* _Supplied data_:

################

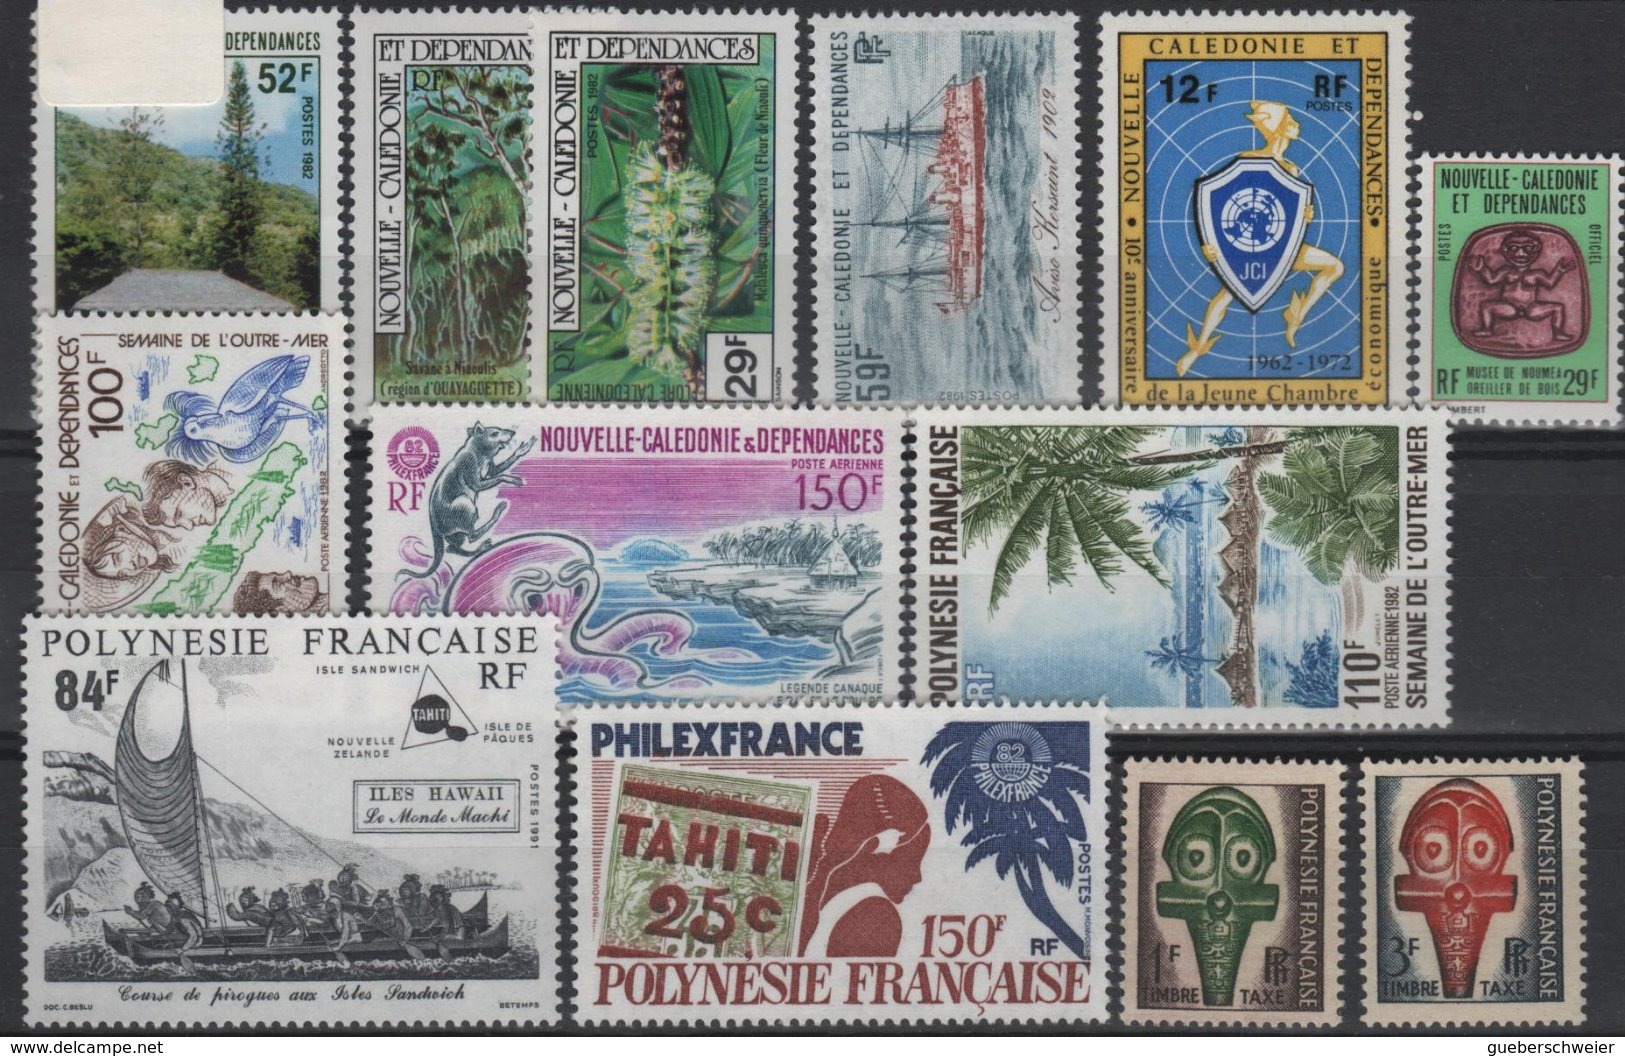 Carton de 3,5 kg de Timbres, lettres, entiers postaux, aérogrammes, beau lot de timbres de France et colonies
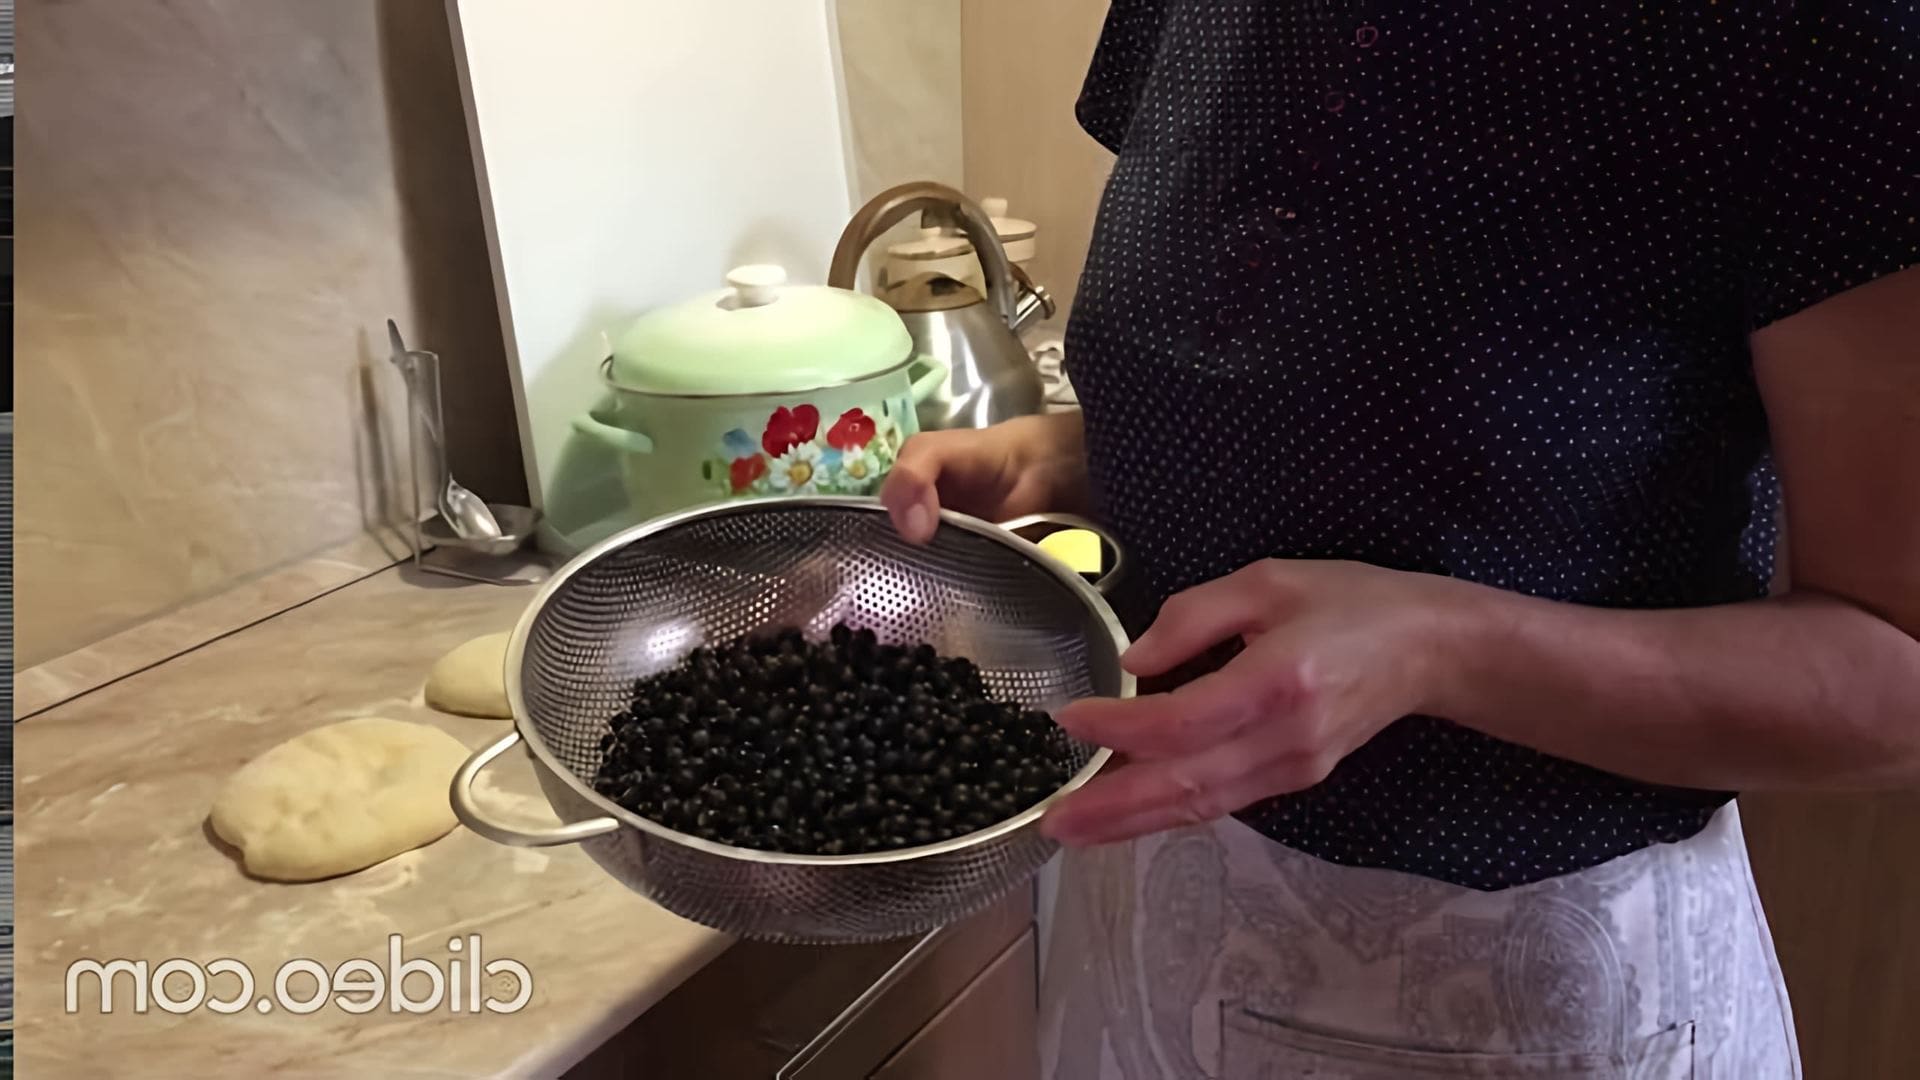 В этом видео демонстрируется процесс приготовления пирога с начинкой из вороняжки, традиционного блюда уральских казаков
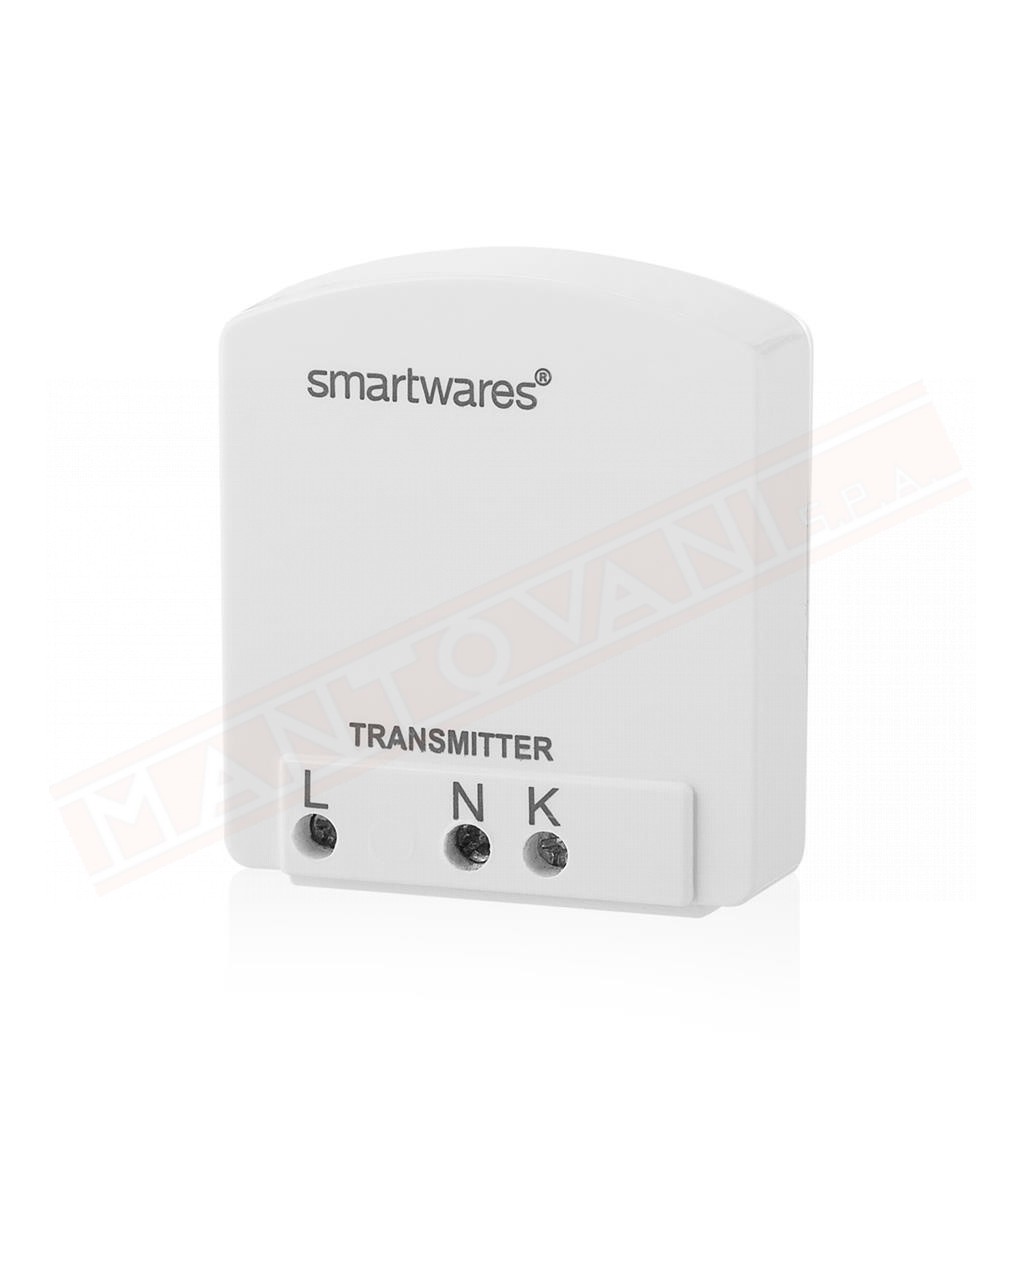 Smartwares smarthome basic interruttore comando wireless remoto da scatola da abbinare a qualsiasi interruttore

################

* _Directions_: All text in the material above must be written out exactly; the images are to be skipped.

* _Reply to the exercise_:
 Carton de 3,5 kg de Timbres, lettres, entiers postaux, aérogrammes, beau lot de timbres de France et colonies
 В этом видео демонстрируется процесс приготовления пирога с начинкой из вороняжки, традиционного блюда уральских казаков
 Smartwares smarthome basic interruttore comando wireless remoto da scatola da abbinare a qualsiasi interruttore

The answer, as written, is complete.